Antibacterial treatment should never be delayed while awaiting laboratory confirmation of rickettsial illness, nor should treatment be discontinued solely based on a negative test result with an acute-phase specimen.
Prevention of Tick-Borne Diseases
Prevention strategies for tick-borne diseases can be divided into 3 general categories: environmental, personal, and prophylactic (after a tick bite has occurred). [15, 16, 17] Environmental strategies (eg, control of the population of deer and other vectors and tick control measures) are beyond the scope of this article.
CDC guidelines on the prevention of tickborne diseases are as follows: 
Use tick repellents containing DEET, IR3535, picaridin (1-piperidinecaboxylic acid, 2-[2-hydroxyethyl], 1-methlypropyl ester), or other EPA-registered products when outdoors. Follow package label instructions for application.
Wear protective clothing, including long-sleeved shirts, pants, socks, and closed-toe shoes.
Permethrin-treated or impregnated clothing can significantly reduce the number of tick bites when working outdoors.
Protect pets from tick bites by regularly applying veterinarian-approved ectoparasite control products, such as monthly topical acaricide products, acaricidal tick collars, oral acaricidal products, and acaricidal shampoos.
Personal strategies for preventing tick-borne disease include the following:
Avoiding grassy areas with shrubs that attract ticks
Wearing white or light-colored clothing so that attached ticks can be easily noticed and removed
Tucking pant legs into socks
Walking in the center of paths to avoid vegetation on which ticks lie in wait of a host
Applying lotion containing diethyltoluamide to the skin (avoiding the face and hands) – Diethyltoluamide concentrations of about 30% are recommended; neurotoxicity (eg, seizures) is reported in children, and some authorities recommend avoiding repeated use in children
Applying permethrin to clothing
Performing daily tick checks and removing ticks as soon as they are detected
Tick removal is best accomplished by grabbing the tick as close to the skin as possible with a very fine forceps and pulling it with gentle upward traction. The bite site should be thoroughly disinfected with alcohol or another skin antiseptic solution. The use of household tweezers is discouraged, as they compress the tick and its feeding chamber within the host's skin and release allergen into the host's vascular bed. Use of gasoline, petroleum, and other organic solvents to suffocate ticks, as well as burning the tick with a match, should be avoided.

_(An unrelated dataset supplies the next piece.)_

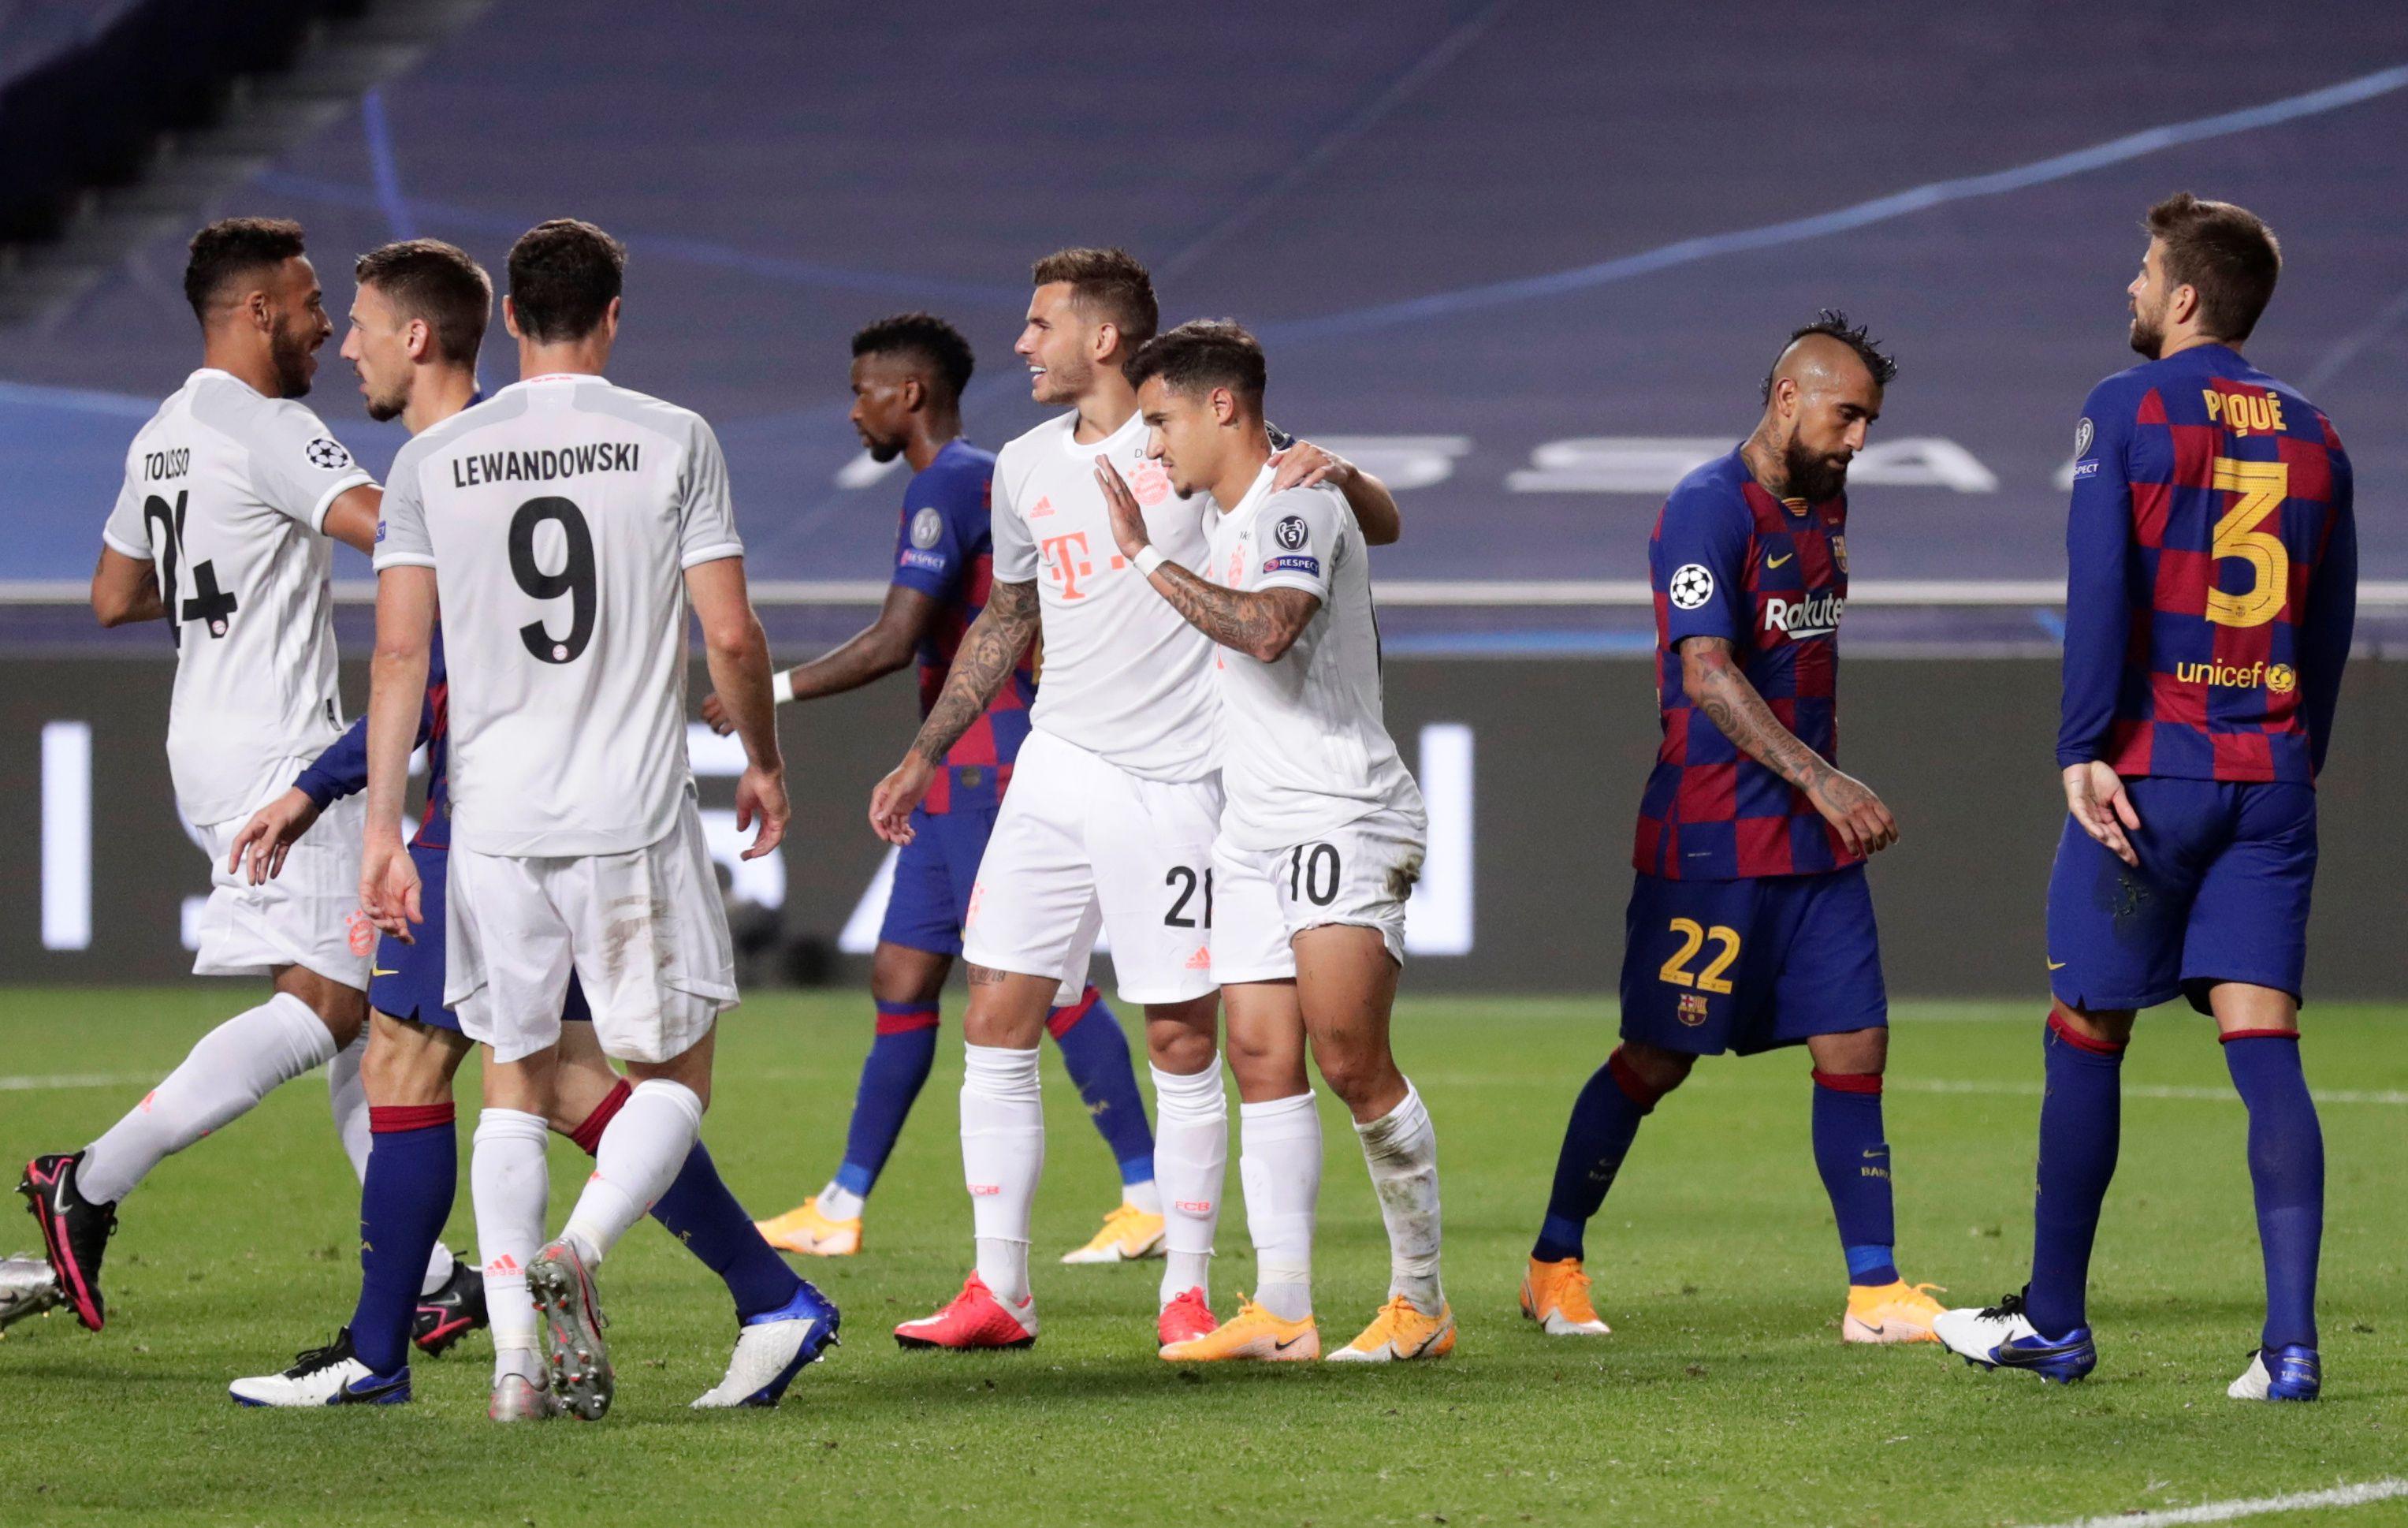 Barcelona sufrió una de las derrotas más duras de su historia (Manu Fernandez/Pool via REUTERS)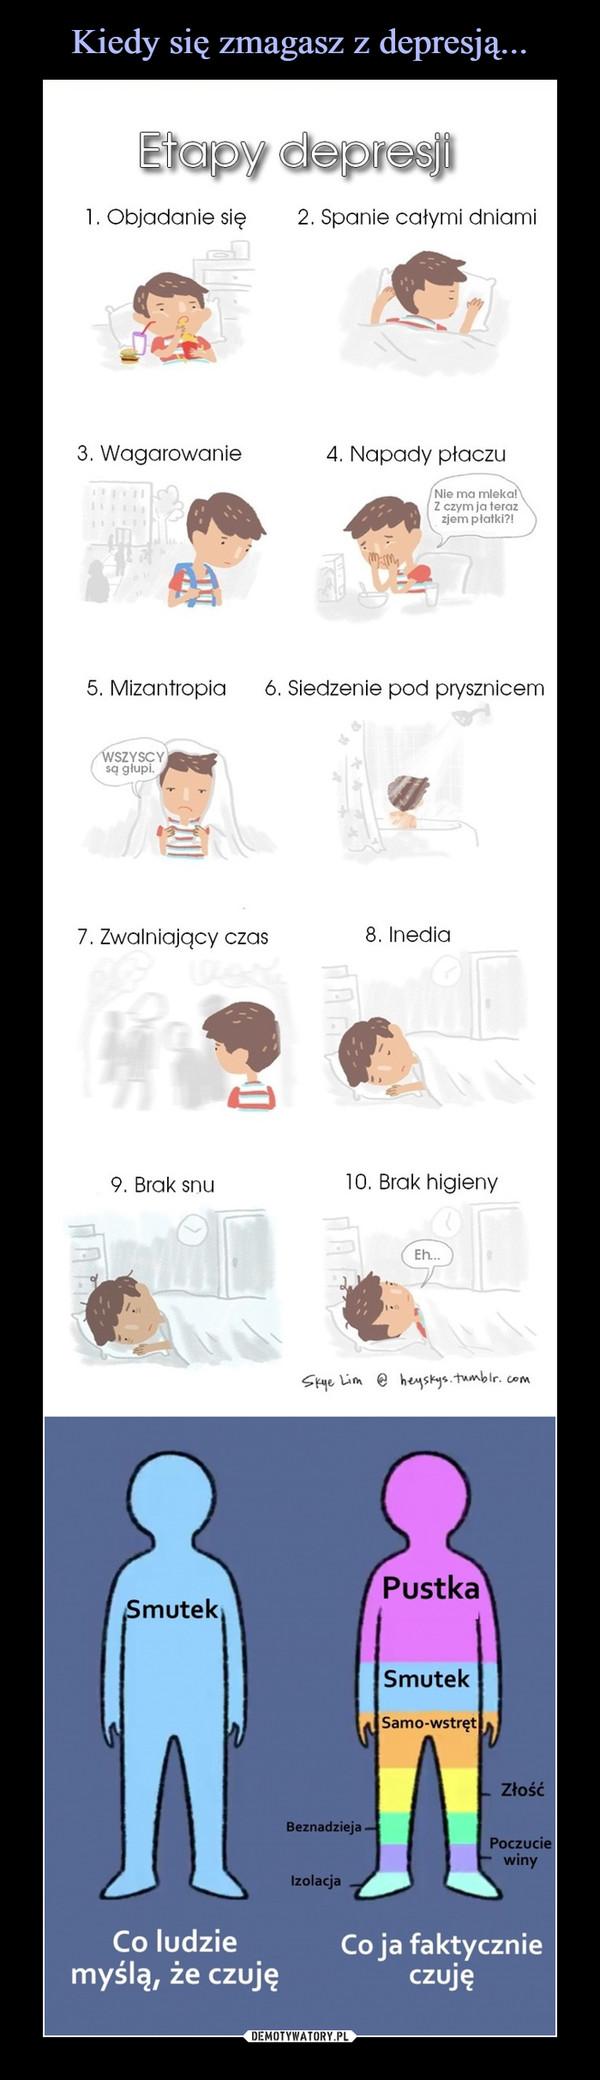 –  Etapy depresji:1. Objadanie się 2. Spanie całymi dniami3. Wagarowanie4.Napadypłaczu5. Mizantropia 6. Siedzenie pod prysznicem7. Zwalniający czas8. Inedia9. Brak snu10.BrakhigienyCo ludzieCojafaktyczniemyślą, że czujęczuję

Often, the complete mouthparts do not come out with the rest of the tick. Leaving these in does not increase the risk of disease transmission, but they may cause a local infection or foreign body reaction.
Another method of tick removal that has been suggested is to inject a wheal of lidocaine with epinephrine intradermally beneath the tick. By blanching the area and thereby removing the blood, the ticks may be induced to crawl out of its own accord. This method seems intuitively feasible, but it has not been tested in any large clinical trials.
Prophylactic measures include the use of vaccines, which are available for some tick-borne diseases and are discussed in the individual articles bearing on those diseases. In addition, certain tick-borne diseases—specifically, Lyme disease and relapsing fever  —can be prevented by administering antibiotics (see Lyme disease and Relapsing Fever).